GET /client/{id}/balance — returns current balance for the client.
and implemented it using Java and Go. For persistent storage, the author uses PostgreSQL. To test the services, the author created a jmeter scenario and ran it with different sets of concurrent users from 1k to 10k.
All this was run on AWS.
Java |
Go |
|||
Number of users |
Response time (sec) |
Errors (%) |
Response time (sec) |
Errors (%) |
... |
... |
... |
... |
... |
4k |
5.96 |
2.63% |
14.20 |
6.62% |
... |
... |
... |
... |
... |
10k |
42.59 |
16.03% |
46.50 |
39.30% |
TLDR;
The root cause of the problem was the limited amount of the available connections on Postgres (default 100 connections) and an improper use of SQL DB objects. After fixing those issues, both services showed similar results, and the only difference was a bigger CPU and memory footprint in Java (everything's bigger in Java).
Let's Dive In...
We decided to start analyzing why the error rate was so high in the Go version of the service. To do so, we added logging to the original code and ran load tests by ourselves. After log analysis, we noticed that all the errors were due to a problem with opening connections to the database.
After looking into the code, the first thing that came to our attention was that for each API call it created a new sql.DB (https://github.com/nikitsenka/bank-go/blob/2ab1ef2ce8959dd1bc5eb5d324e39ab296efbbe5/bank/postgres.go#L57).
xxxxxxxxxx
func GetBalance(client_id int) int {
db, err := newDb()
...
}
func newDb() (*sql.DB, error) {
dbinfo := fmt.Sprintf("host=%s user=%s password=%s dbname=%s sslmode=disable",
DB_HOST, DB_USER, DB_PASSWORD, DB_NAME)
db, err := sql.Open("postgres", dbinfo)
...
return db, err
}
The first thing that you need to know about is that a sql.DB isn’t a database connection.

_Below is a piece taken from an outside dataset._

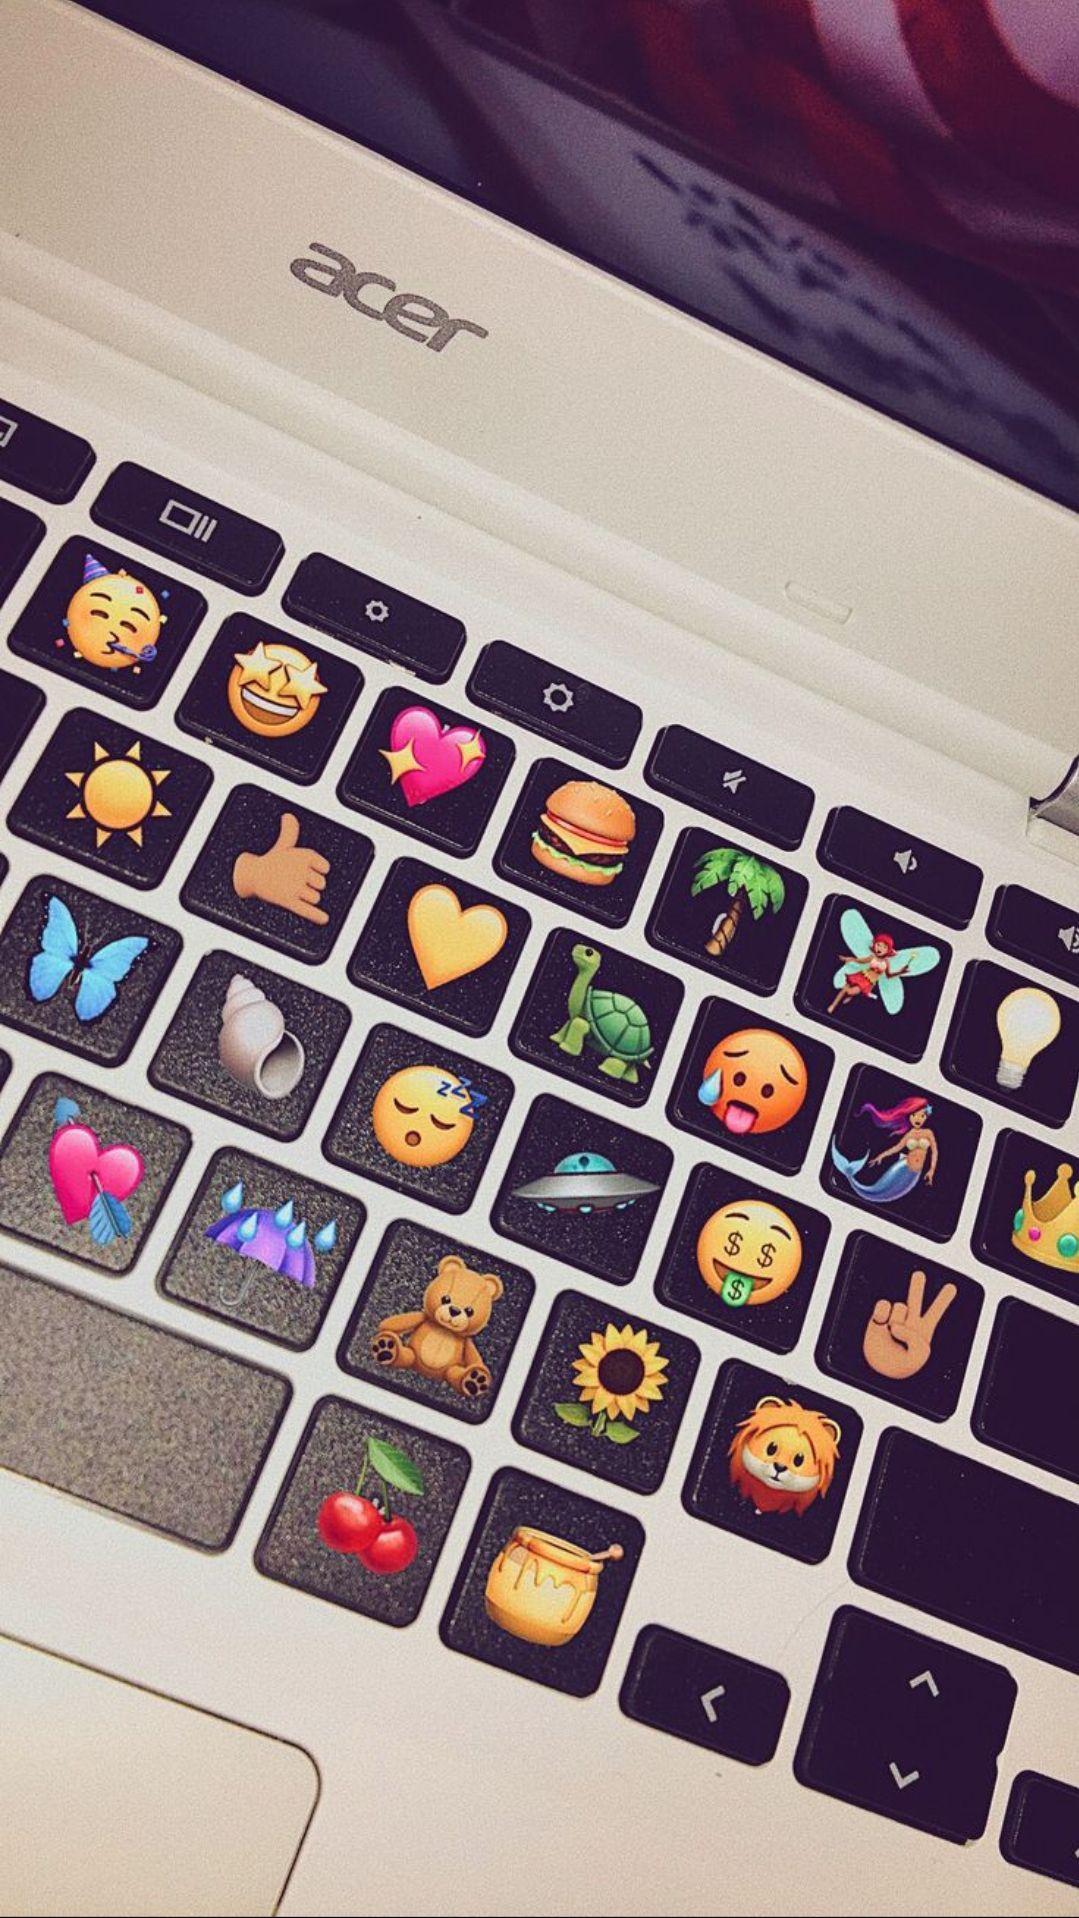 emoji by fira kirana on aesthetic emoji pictures emoji

Here is what official documentation says about it:
DB is a database handle representing a pool of zero or more underlying connections. It's safe for concurrent use by multiple goroutines. The sql package creates and frees connections automatically; it also maintains a free pool of idle connections. The returned DB is safe for concurrent use by multiple goroutines and maintains its own pool of idle connections. Thus, the Open function should be called just once. It is rarely necessary to close a DB.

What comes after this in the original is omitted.